Video Workload survey: German figures

German website DerWesten has picked up on my video survey results in a blog post comparing their times with my results.

Markus Huendgen blogged about results comparing them to a breakdown of their production times for a Halloween video they created*:

  1. Preparation (accreditation etc.) about 1h
  2. Map (food Essen after to Bottrop) approximately 1.5 h
  3. The presence on the ground (filming scenes look etc.) about 3h
  4. Return (Bottrop after to Essen) about 0.5 hThus, we have already arrived at 6 hours.
  5. After processing (materials processing, sift, cut) approximately 2h
  6. Creating the video formats (streaming, downloading) approximately 1 h
  7. Adjusting to the portal (upload, articles) about 0.5 h

Come bottom line approximately 9.5 h For three minutes of video.

*it’s a Google translation of the page

It’s a good vid (what those crazy kids will do for fun these days!) but even with improvements in the upload times, more efficiency in the editing and better setting up of contributors production times wouldn’t get much shorter.
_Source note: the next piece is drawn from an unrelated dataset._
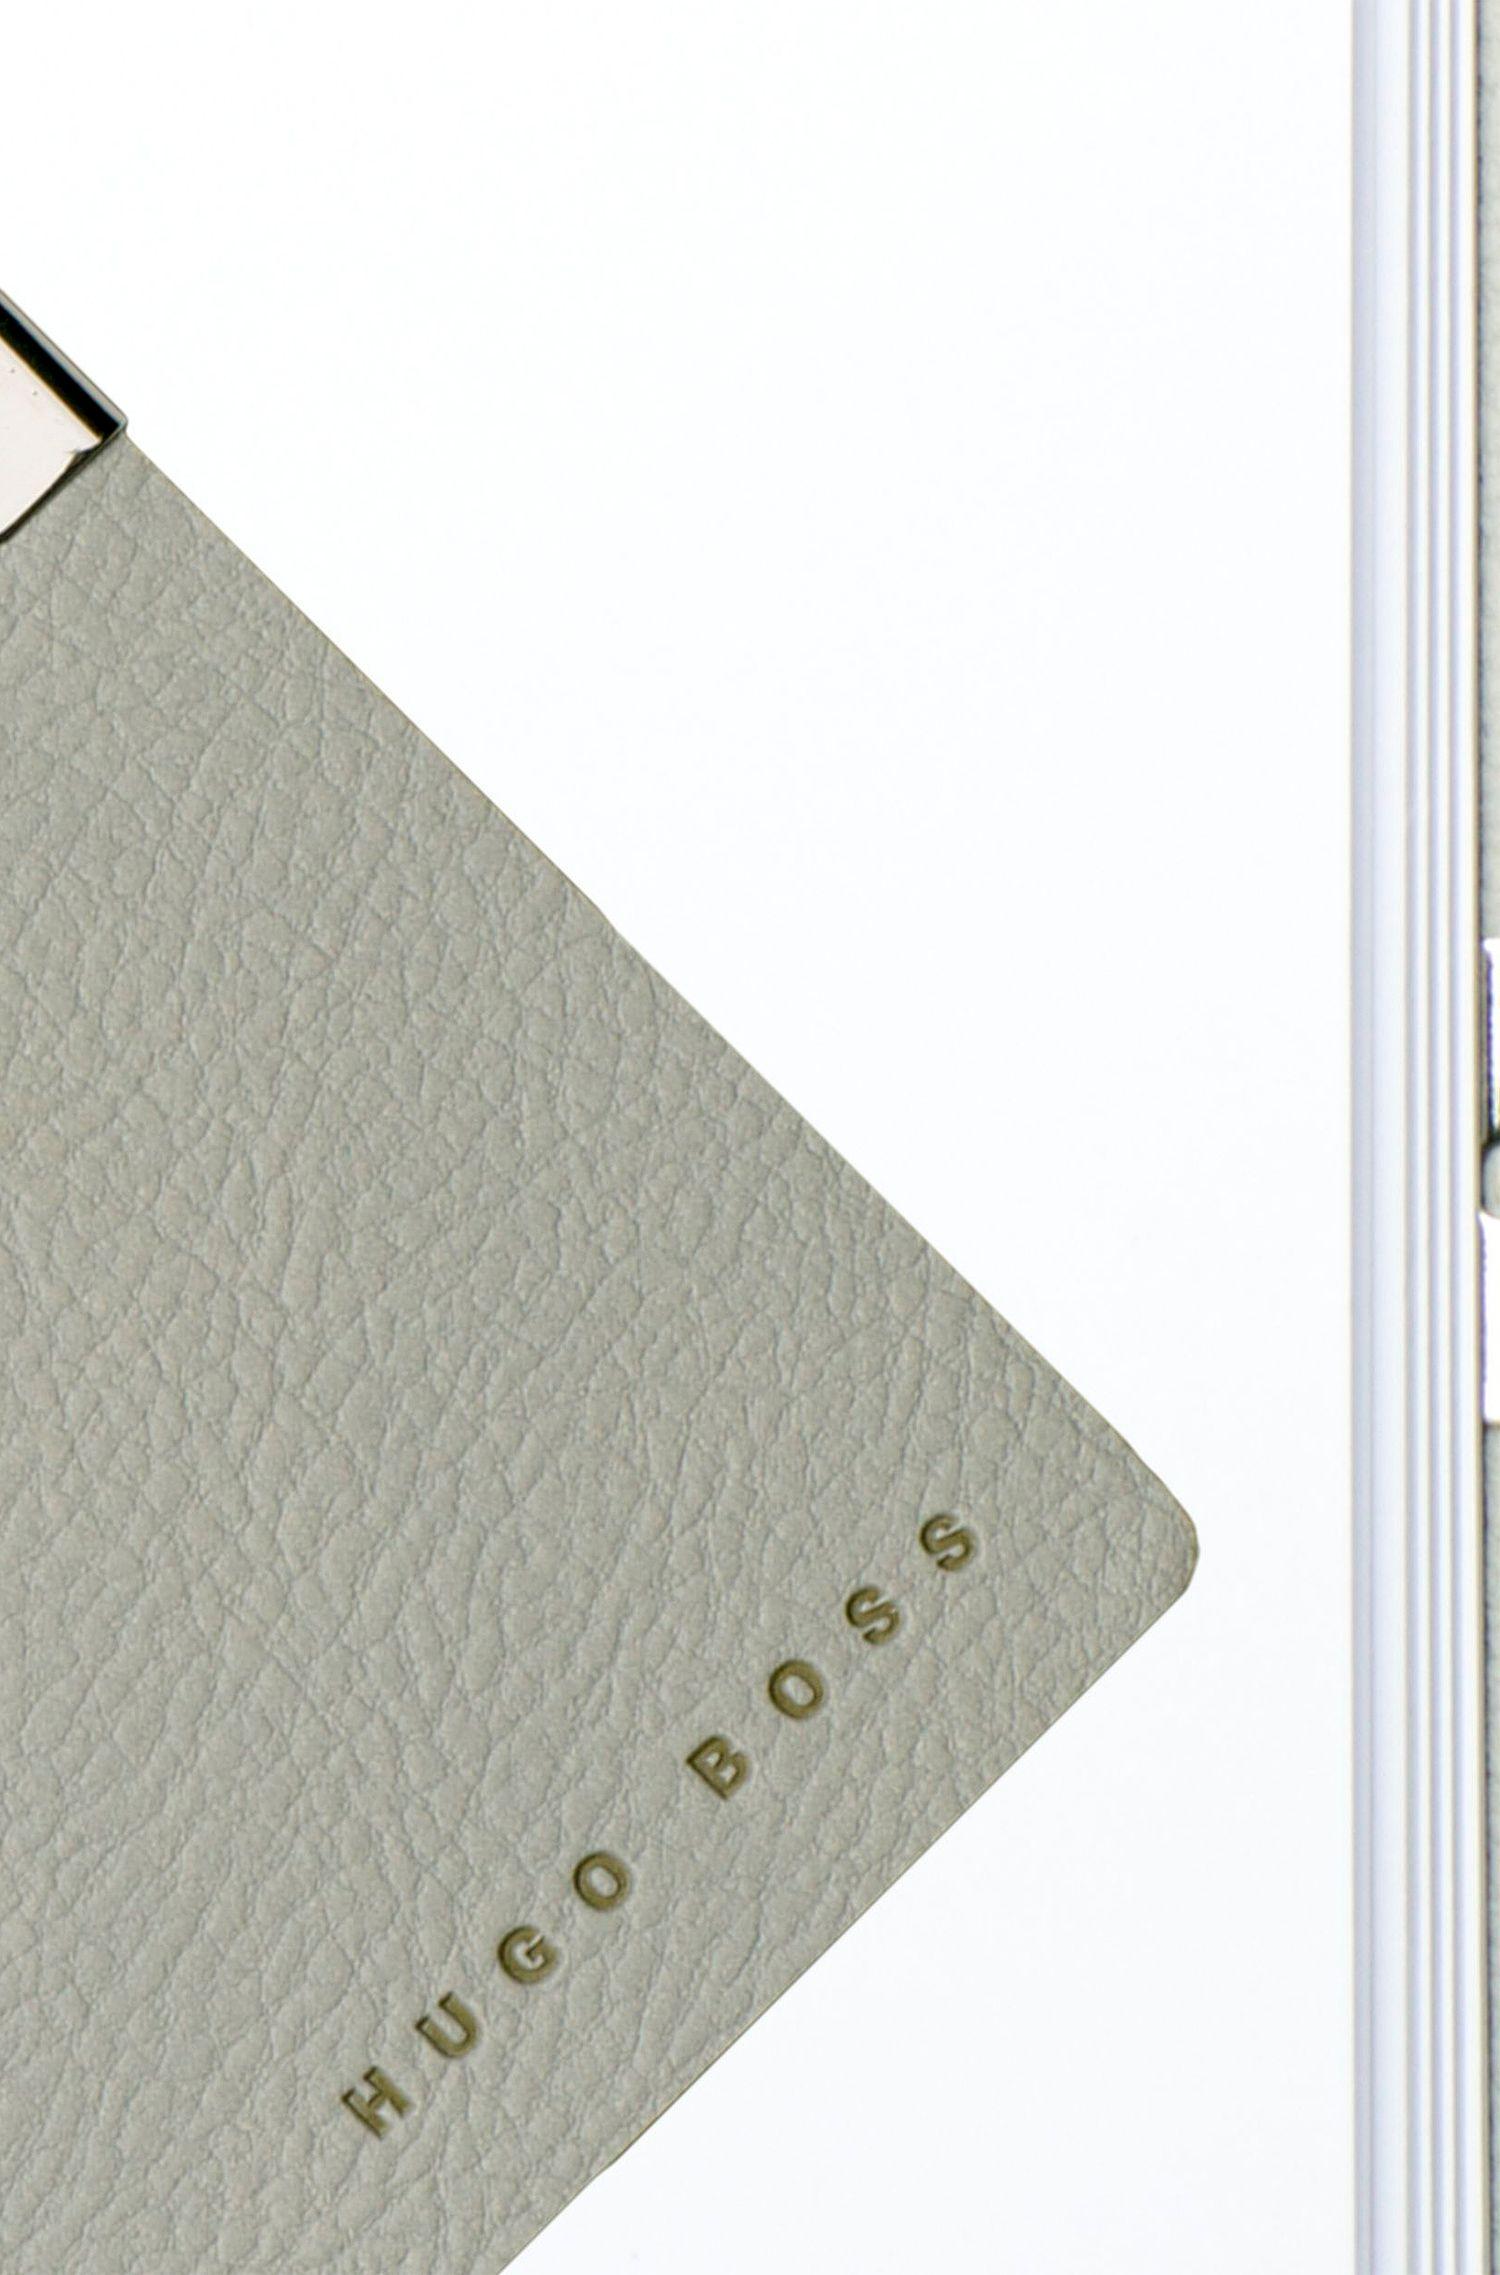 Carnet A6 en similicuir gris clair

So whilst Markus concedes that there may be benefits the reality is that this stuff takes time and takes Schweinegeld.

Roughly translated : Megabucks.

Note: Der Westen is a regional news portal by the Essen-based WAZ newspaper group. It’s a pretty impressive site with all kinds of web 2.0 goodness including geo-tagging of stories. It hasn’t been without friction though and Martin Stabe has nice post with more about Der Westen over at Press Gazette, laying out some of the issues.

5 Replies to “Video Workload survey: German figures”

  1. Hey Andy

    Looks like a great water mark survey you got going there.

    Nothing beats empirical data as Jakob Nielsen has proved in his useability tests.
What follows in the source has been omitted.